═══ Exercise material

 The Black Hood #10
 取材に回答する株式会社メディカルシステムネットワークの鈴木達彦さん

══════
═══ Exercise material

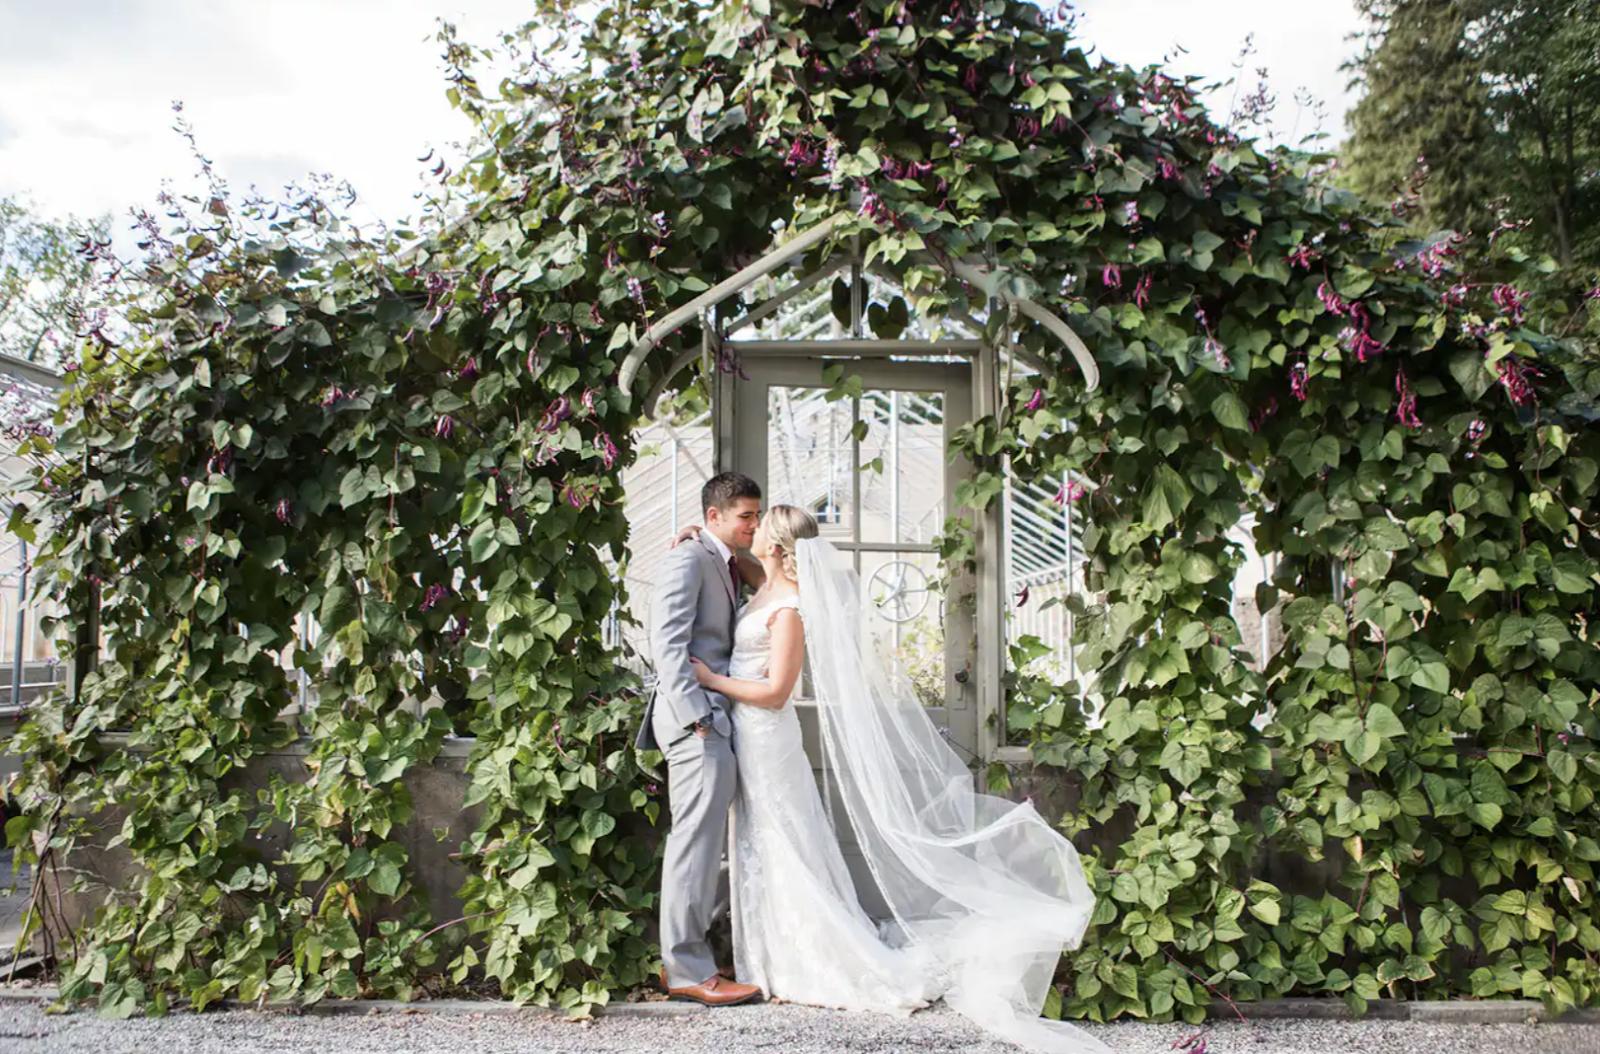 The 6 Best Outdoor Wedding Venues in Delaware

══════
═══ Exercise material

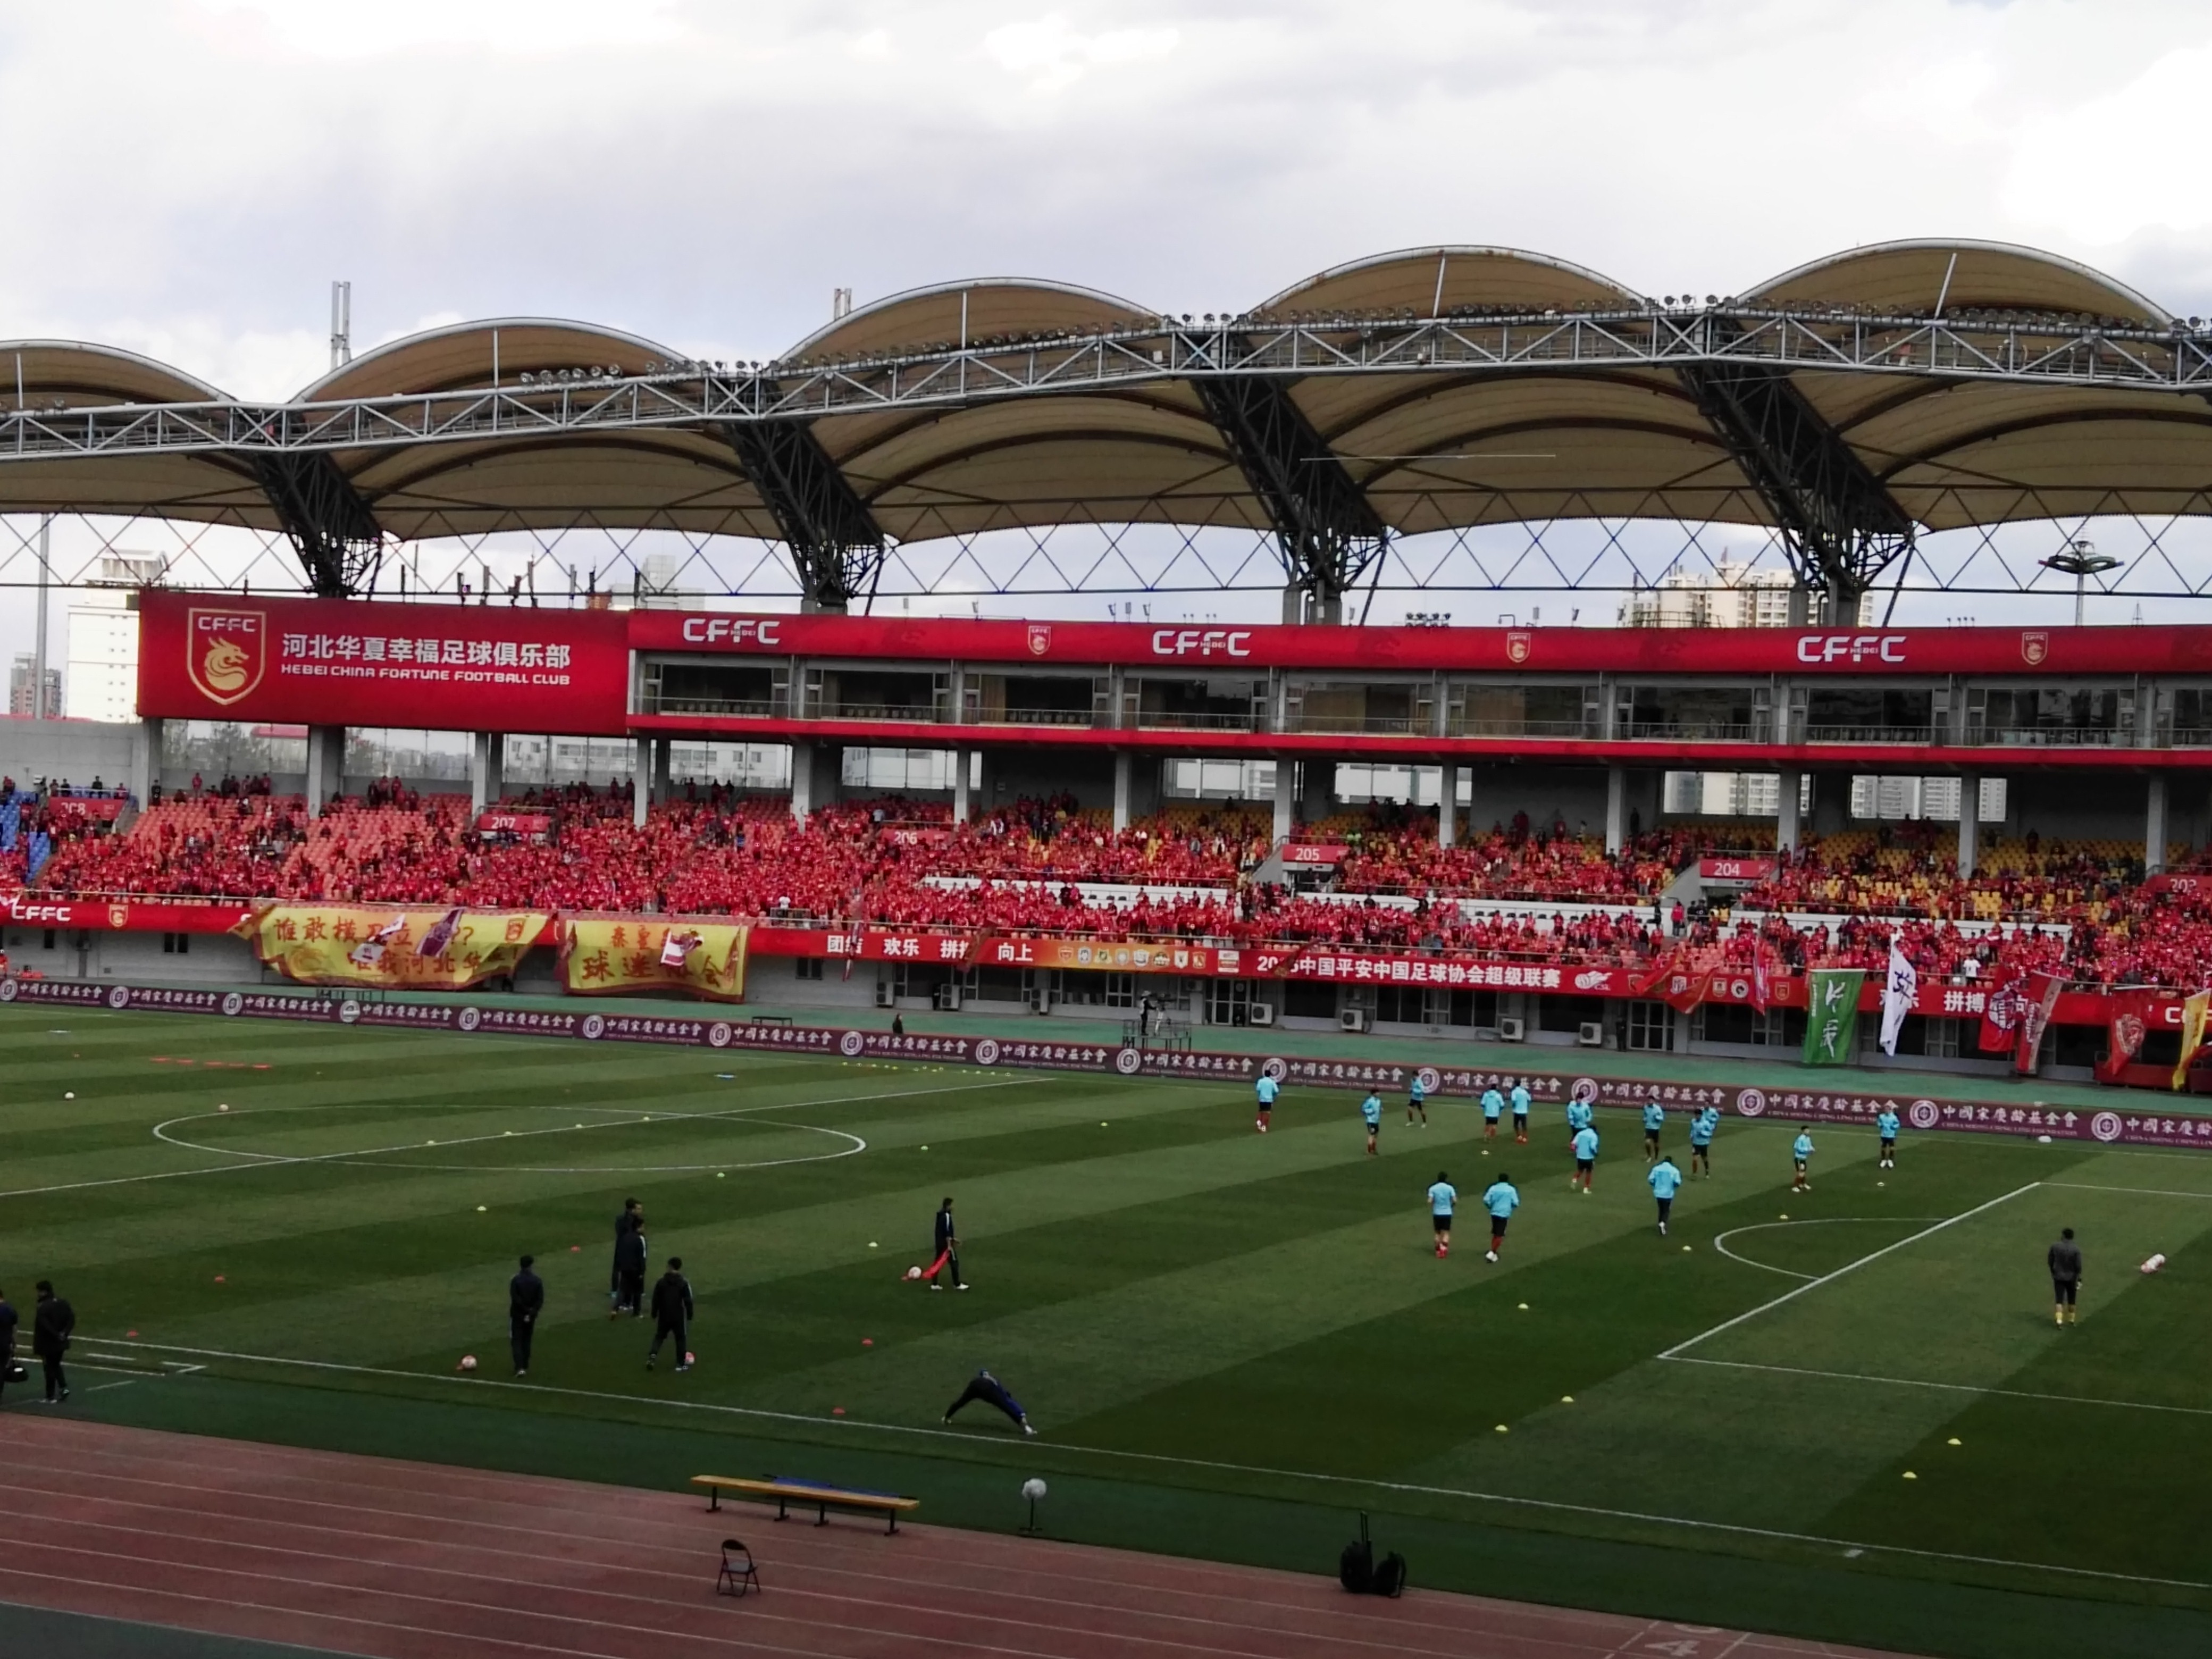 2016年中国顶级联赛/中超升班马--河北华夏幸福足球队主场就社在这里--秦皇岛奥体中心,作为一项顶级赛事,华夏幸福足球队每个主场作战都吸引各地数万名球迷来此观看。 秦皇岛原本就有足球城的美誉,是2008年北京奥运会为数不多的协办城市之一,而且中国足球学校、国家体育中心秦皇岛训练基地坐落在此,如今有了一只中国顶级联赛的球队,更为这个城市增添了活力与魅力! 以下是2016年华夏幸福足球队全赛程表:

══════

— Action item —
Reproduce only the lines above, starting at the line with "The Black Hood #10" and ending at the line with "取材に回答する株式会社メディカルシステムネットワークの鈴木達彦さん", exactly as written.

— Answer section —
 The Black Hood #10
 取材に回答する株式会社メディカルシステムネットワークの鈴木達彦さん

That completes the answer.